Chancellor George Osborne is consultation on radical changes to pension taxation.

Summer Budget: pensions could be taxed like ISAs

Pensions could be more closely aligned with ISAs to allow retirement income to be taken tax-free.

In the summer Budget chancellor George Osborne announced the publication of a green paper that sets out sweeping reforms to the way in which pension savings are taxed and people save throughout their working lives.

Under the changes, that the Treasury plans to consult on, the taxation of pensions would be brought in line with ISAs.

At the moment, pension contributions receive tax relief on the way in, growth within the pension is tax-free but income tax is paid on income on the way out; known as exempt-exempt-taxed (EET). Retirees are entitled to take 25% of their pension tax free on retirement, known as the tax-free lump sum - the remainder of the income is taxed as income.

 ISA contributions are made out of income that has already been taxed, the growth in the ISA is tax-free and withdrawals from the ISA are tax-free; known as taxed-exempt-exempt (TEE).

Under the proposals set out by the consultation, the pensions system could be changed to a TEE structure where individuals would make contributions out of taxed income, the government would provide a top-up akin to tax-relief provided now, and then the income in retirement would be tax-free.

The consultation paper said ‘the government is interested in views on the various options that have been suggested for how the system could be reformed’.

‘These range from a fundamental reform of the system – for example moving to a system which is TEE and providing a government top-up on contributions – to less radical changes, such as retaining the current system and altering the lifetime and annual allowance, as well as options in between,’ it said.

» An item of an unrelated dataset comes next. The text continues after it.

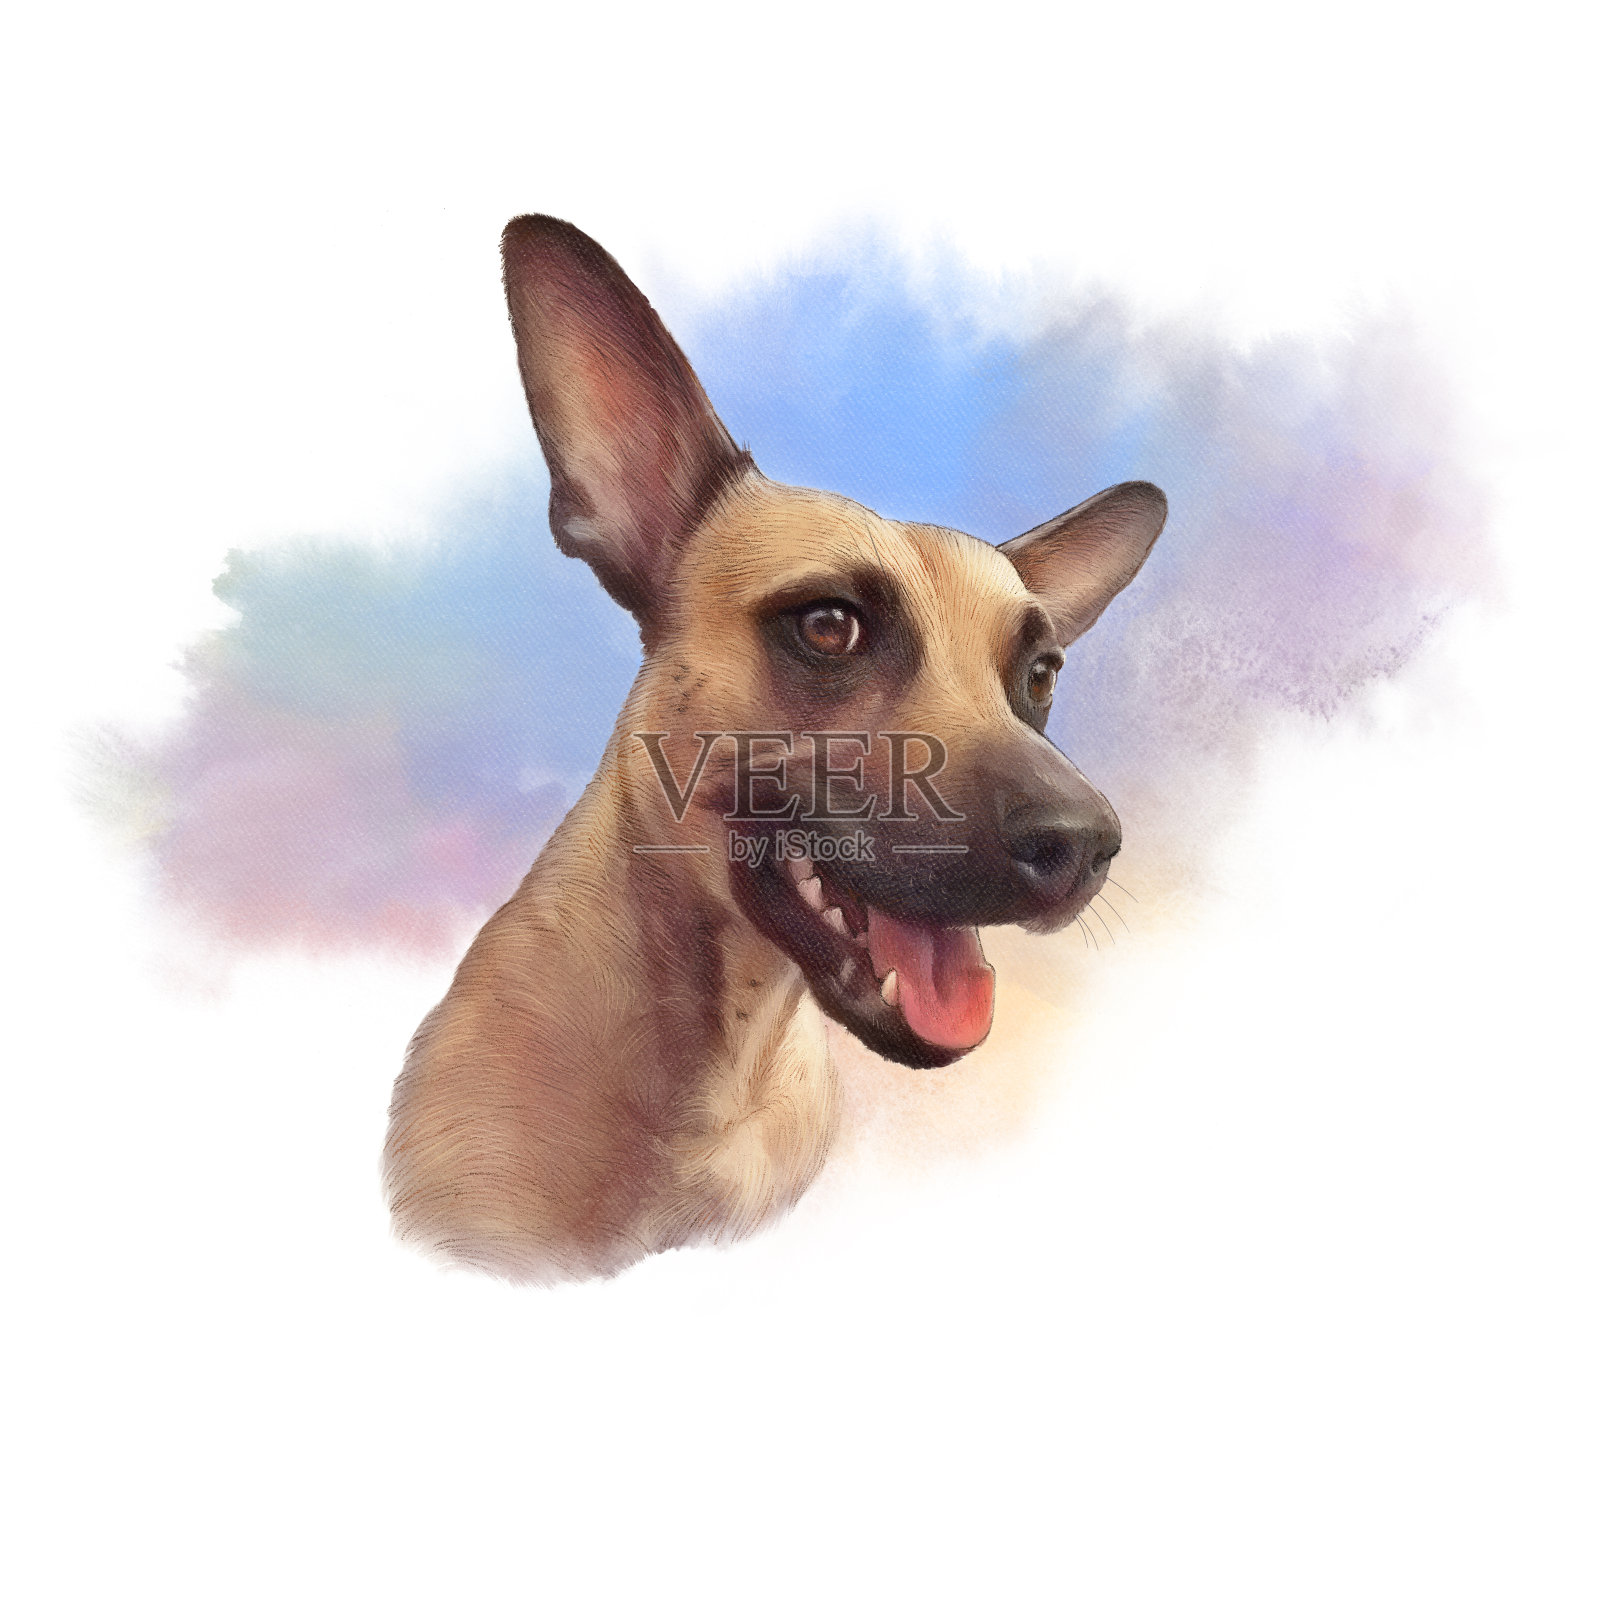 哈巴狗的肖像设计元素图片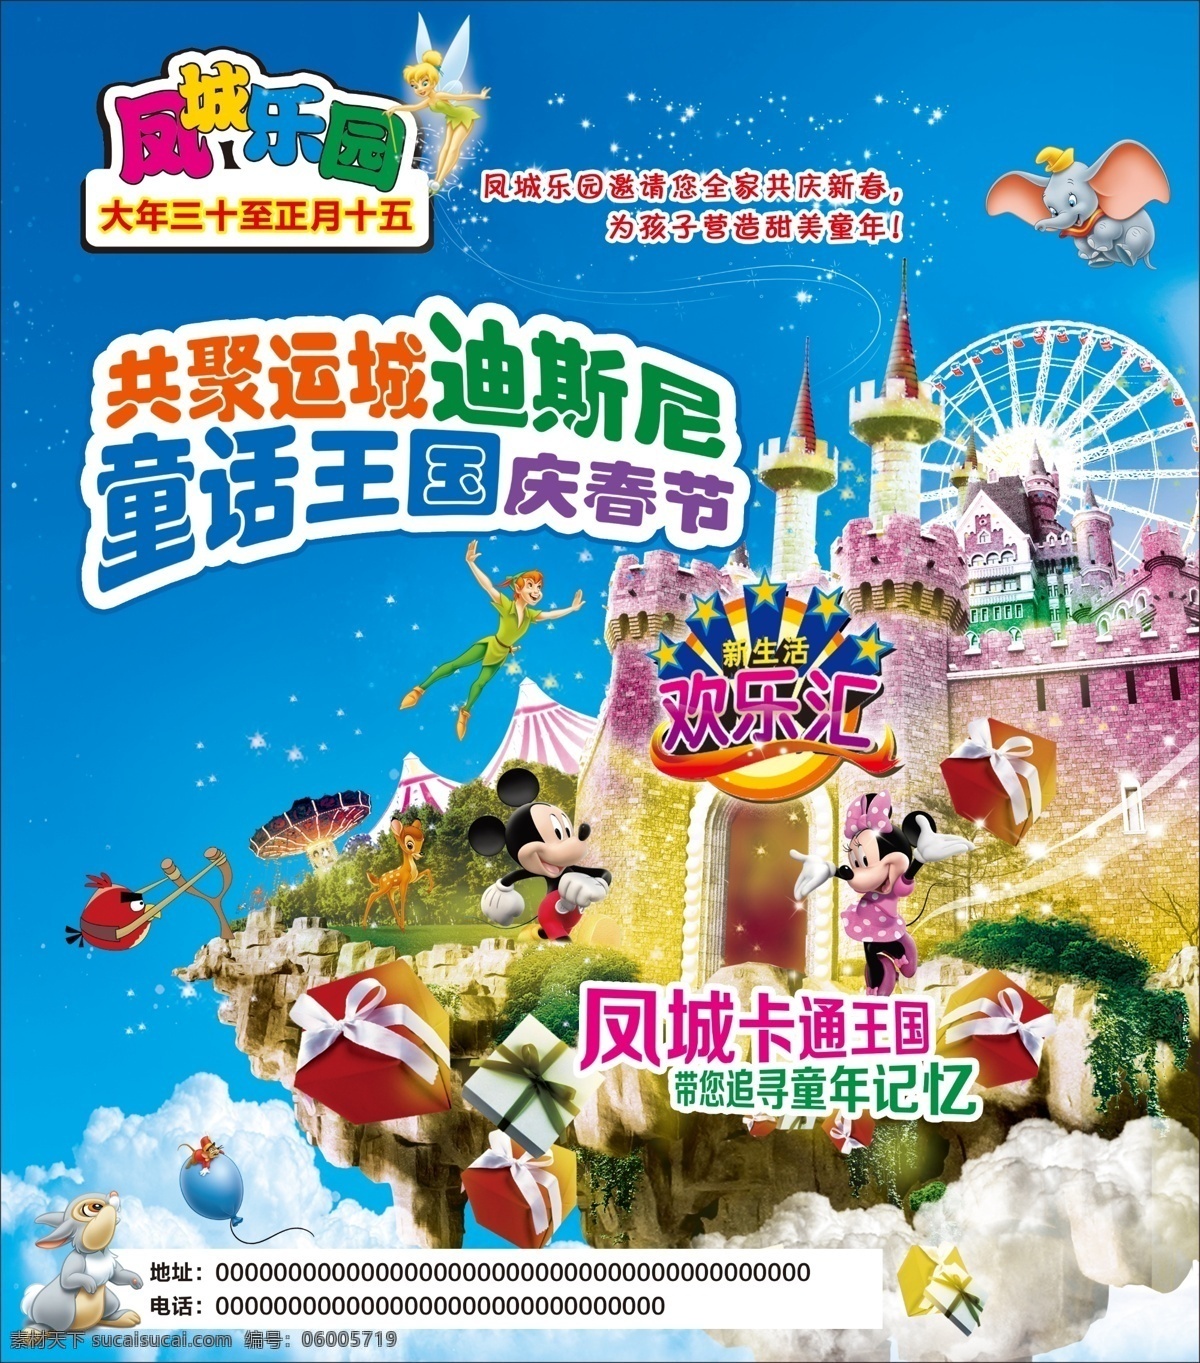 游乐园 游乐园广告 迪士尼 迪斯尼 童话王国 会飞的小象 大象 愤怒的小鸟 米奇 米妮 城堡 摩天轮 人 兔子 礼物 广告设计模板 源文件

'Pensions could be taxed like ISAs,' said Osborne in his Budget speech. 'You pay in from taxed income - and its tax free when you take it out. And in between it receives a top-up from the government. This idea, and others like, need careful and public consideration before we take any steps. So I am today publishing a green paper that asks questions, invites views, and take care not to pre-judge the answer.'

The plan to reform is part of wider concerns about the level of pensions tax relief being paid out. Currently, savers receive tax relief on their contributions at the highest rate of income tax they pay - so a higher rate earner will receive a 40% boost to their pension contributions from the government. This has been widely criticised as the wealthiest receive the highest level of tax relief.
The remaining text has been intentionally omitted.